| TASK DETAILS |
Transcribe the full listing without changing a word, and omit its pictures.

++++ INFORMATION SHOWN

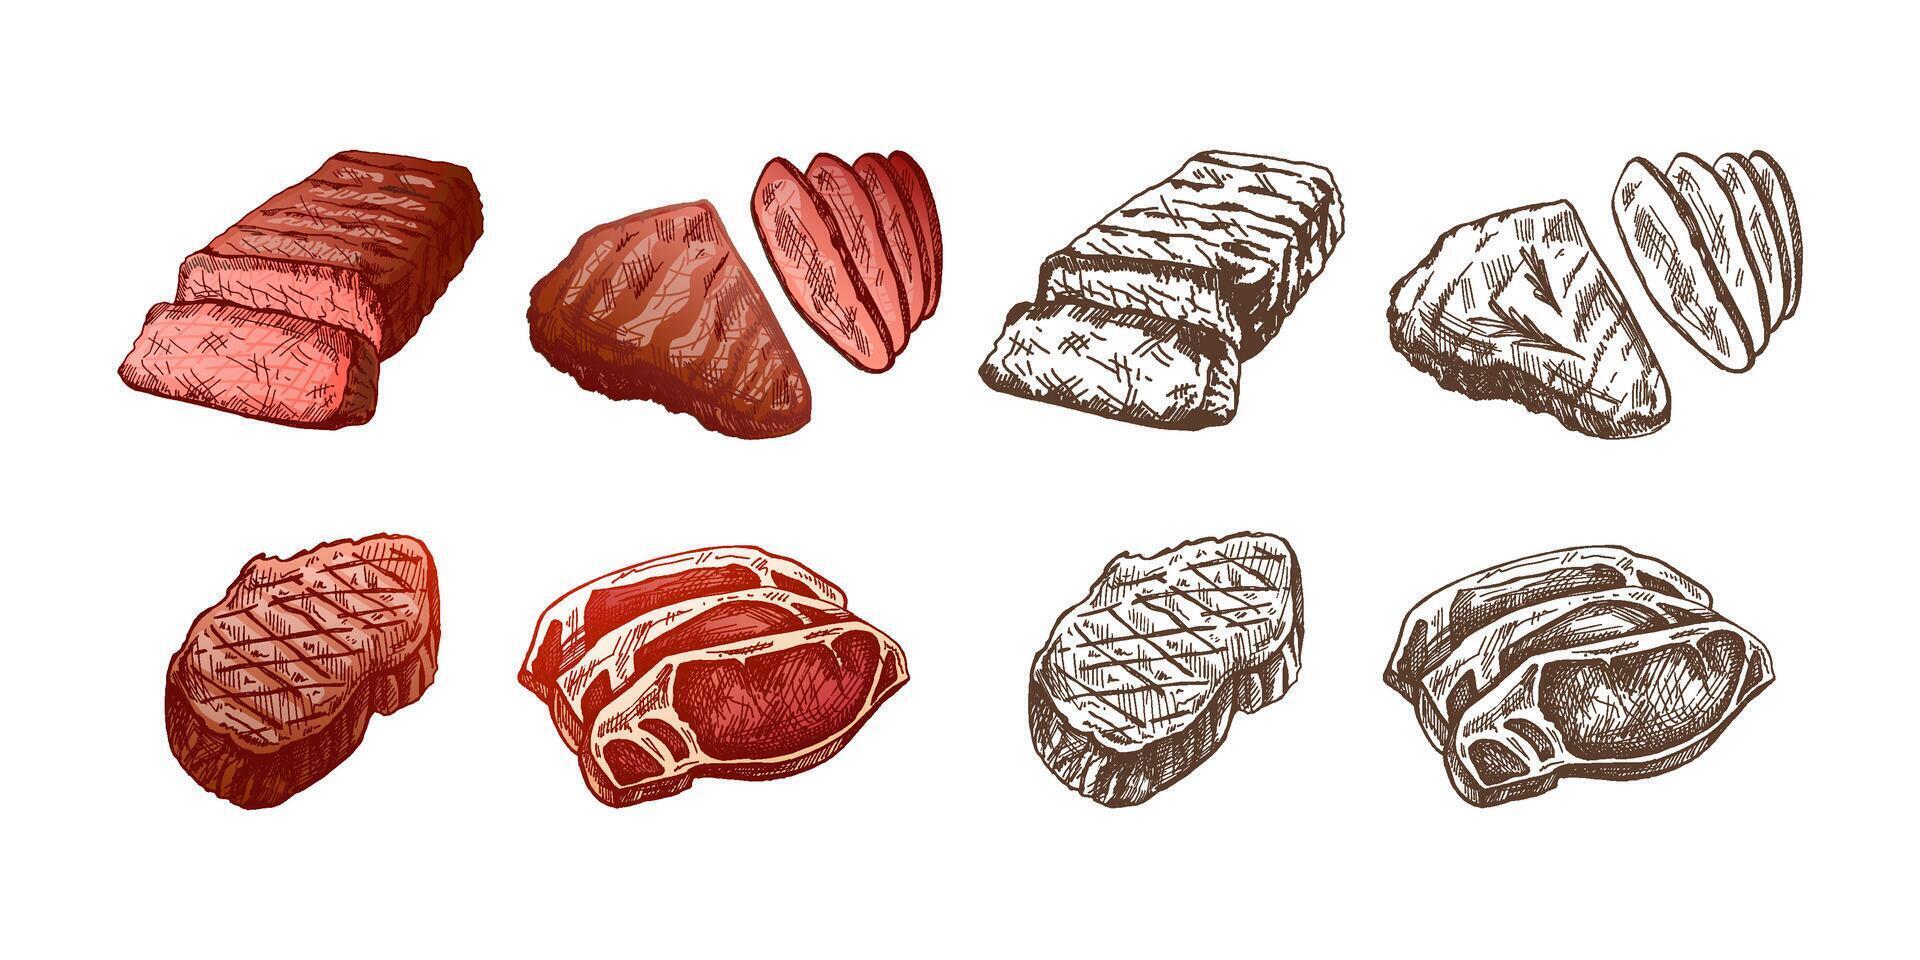 Organic food. Hand-drawn colored and monochrome vector sketches of grilled beef steaks, pieces of meat. Vintage illustration. Decorations for the menu. Engraved image.
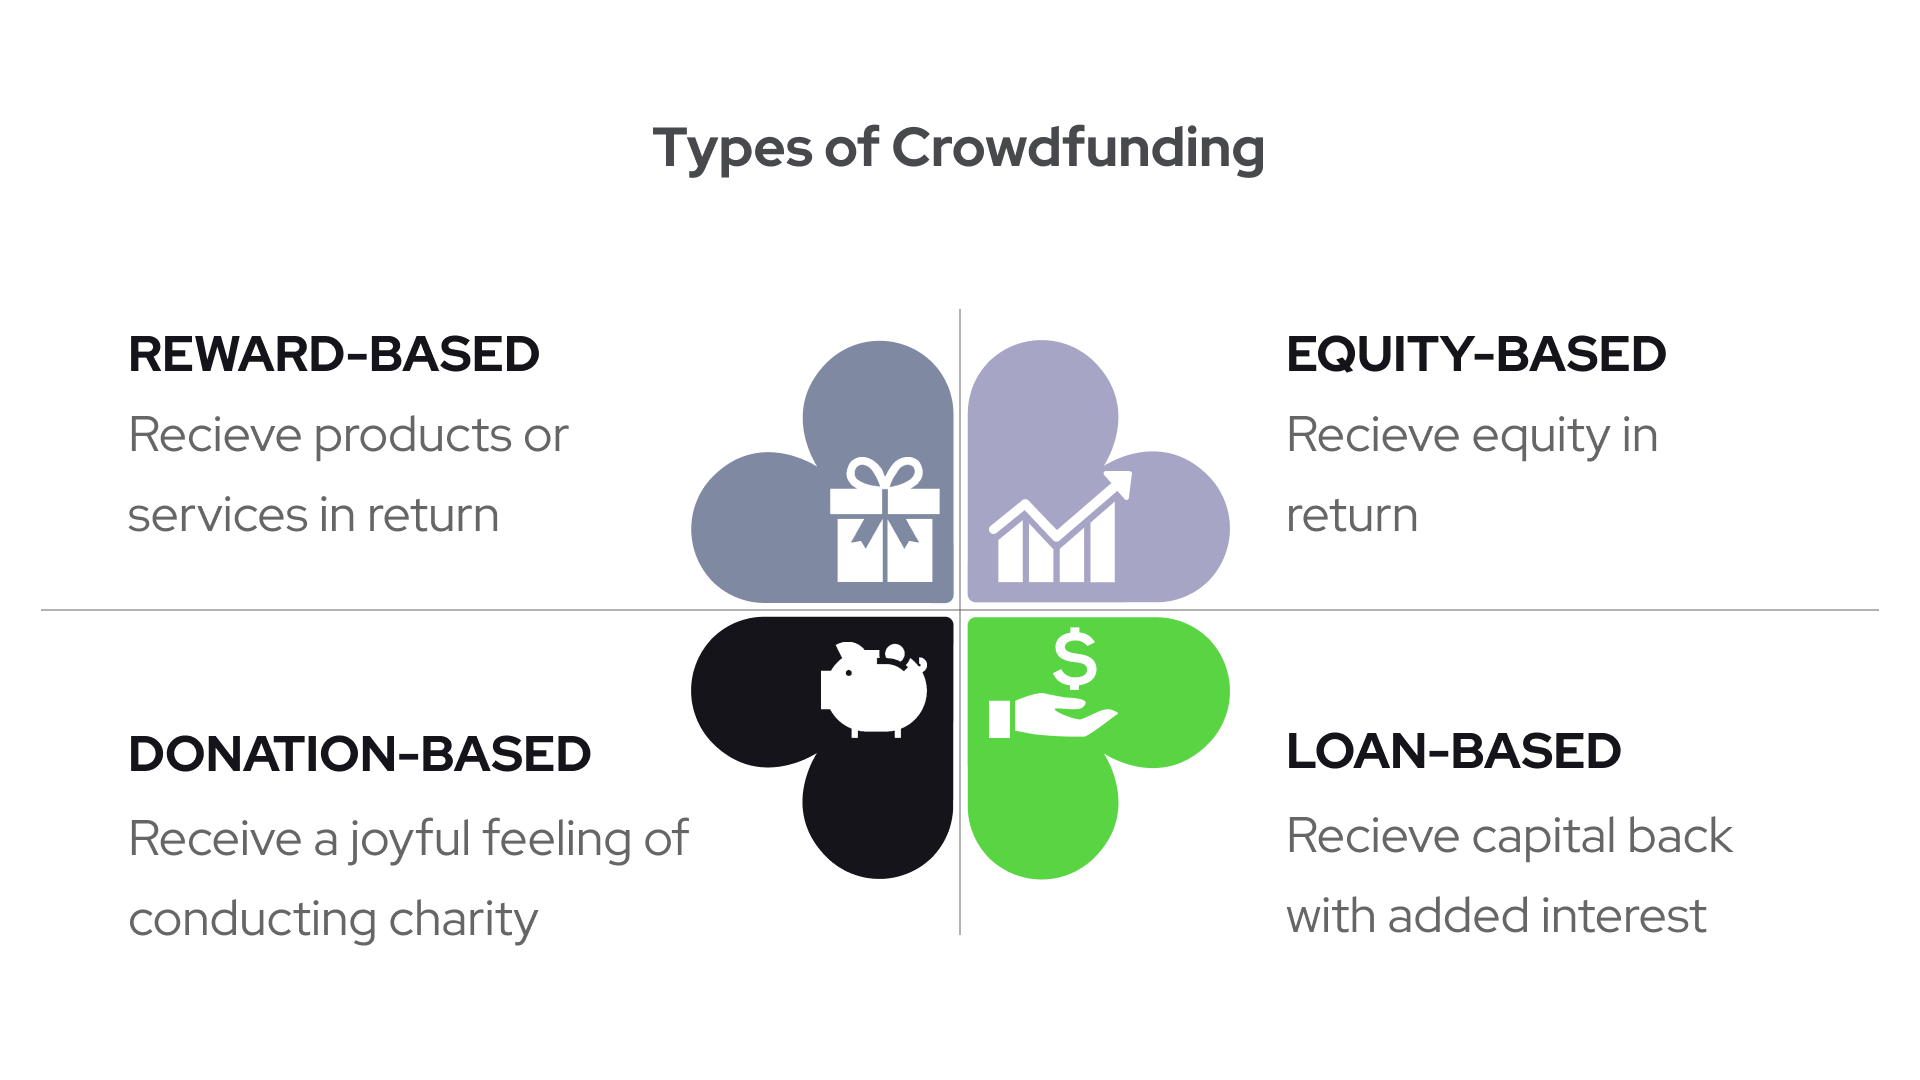 Crowdfunding app development sticks to the four main types: reward-based, equity-based, donation-based, and loan-based crowdfunding.
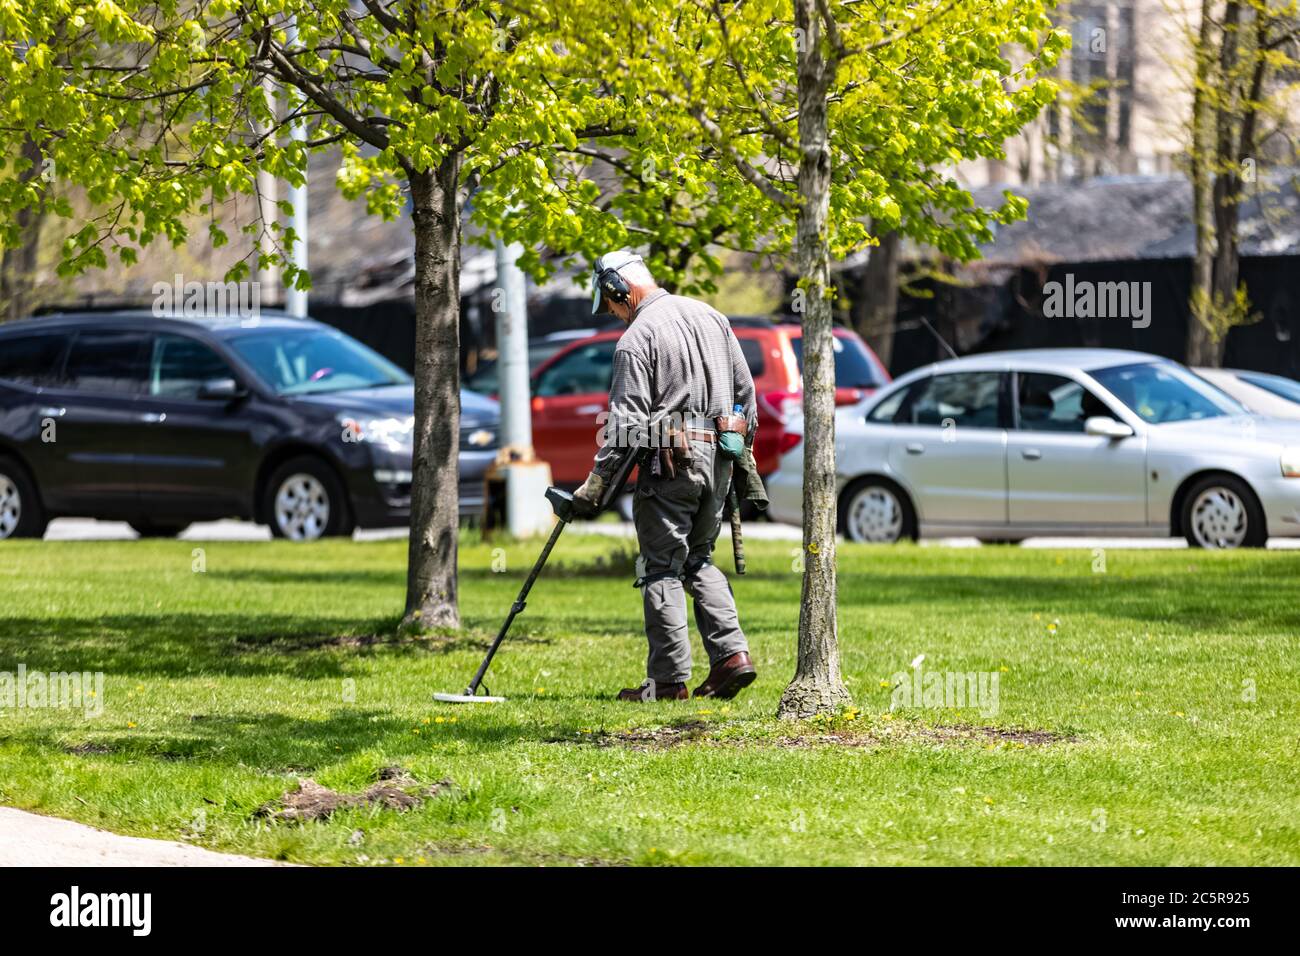 Man using a metal detector  in a park to look for items buried underground. Stock Photo

++++++++

| WORKED SOLUTION |
 Organic food. Hand-drawn colored and monochrome vector sketches of grilled beef steaks, pieces of meat. Vintage illustration. Decorations for the menu. Engraved image.
 Crowdfunding app development sticks to the four main types: reward-based, equity-based, donation-based, and loan-based crowdfunding.
 Man using a metal detector  in a park to look for items buried underground. Stock Photo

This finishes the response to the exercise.